Shalenko bit off a curse. The British forces had been chased back across the continent along with the other European forces, but if they managed to get across the Channel, it would be several weeks before the final stage of Operation Stalin could be mounted; they would have the chance that the rest of Europe had not. If they pulled out and rearmed the other European forces, the Russians might find themselves facing a resistance movement in their rear before they were ready to deal with it.

They reached the command vehicle and Shalenko immediately reached for a map. The Germans had used that terrain before to slow up an invading army; the Allies had had to grind their way through the terrain step by step. The Dutch could do any number of interesting things to slow an invading army; if there were German forces digging in, they might even buy the British enough time to complete the evacuation.

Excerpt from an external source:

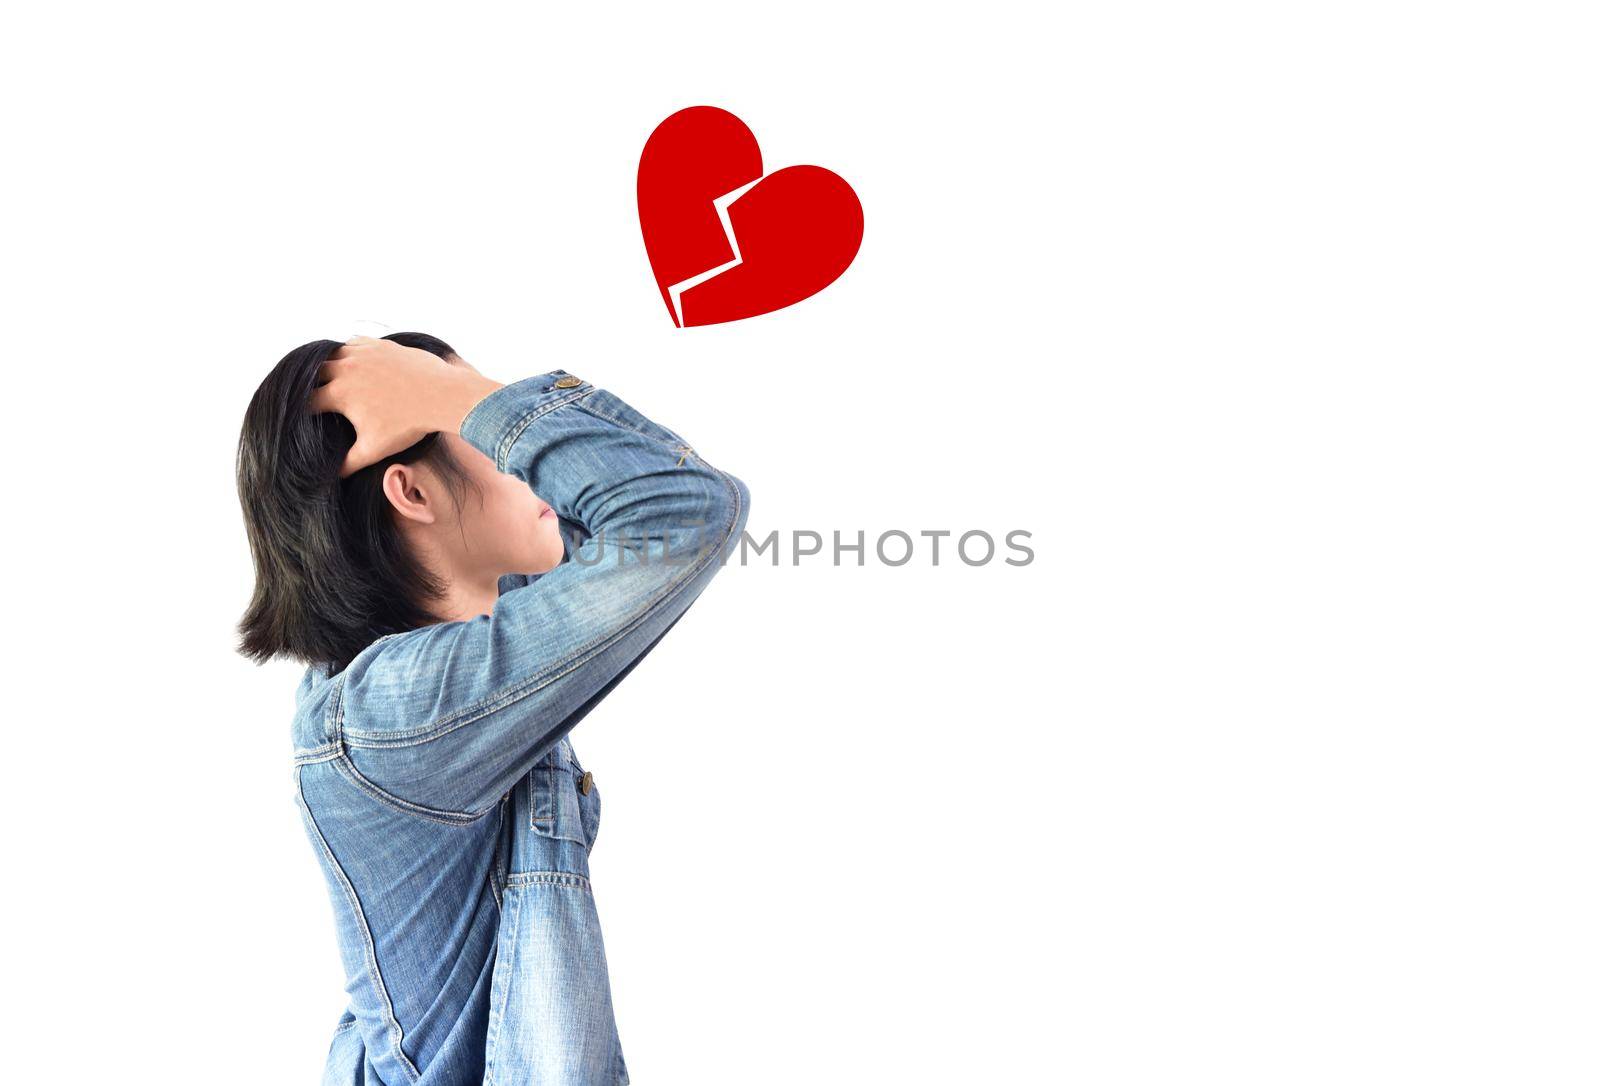 The person who loses the heart, holds the head with both hands and worry to love or not love, isolated white background, Heart broken concept, indeterminable by MiniStocker
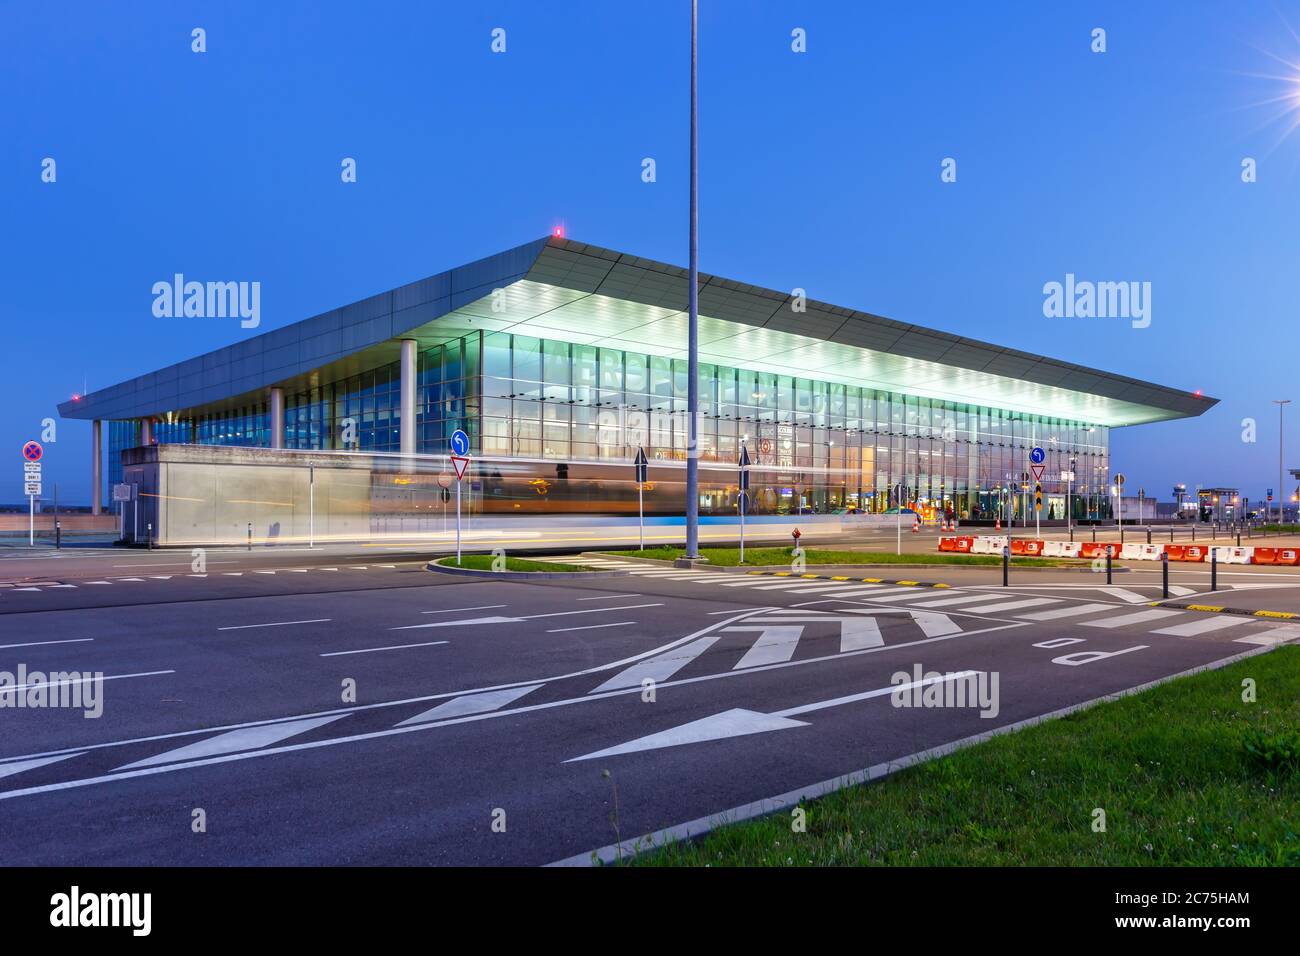 Findel, Luxembourg - June 23, 2020: Terminal building of Findel airport (LUX) in Luxemburg. Stock Photo

The display was warning of new threats. A French force was slowly pulling itself together in Lorraine, near the French border, the last significant force on the European continent. The French were scoring some successes against the Algerians; the odds were that the French command either didn’t know anything about the situation in the south, or the damned Americans had tipped them off to the real threat. They would be short on fuel and ammunition — their logistics train would have been shot to hell — but they had to be crushed while they presented such a tempting target…

Anna paused as a signal came in. “That’s the Germans laying down their arms now,” she said. “The occupation units are requesting permission to enter the city.”

“Granted,” Shalenko said, still thinking. For the first time since the campaign had begun, he had too many tasks and too few men in the correct position to handle them… and there were political implications. If he crushed the French force that was massing in Lorraine, he would be able to overrun the remainder of Europe, but if the British forces, such as they were, got away, the conflict would become a lot harder to bring to a successful conclusion. “Order the reconnaissance units to press on towards Belgium, advancing as quickly as they can; let me know what resistance they meet. The main force is to prepare to advance into France as soon as it can be organised.”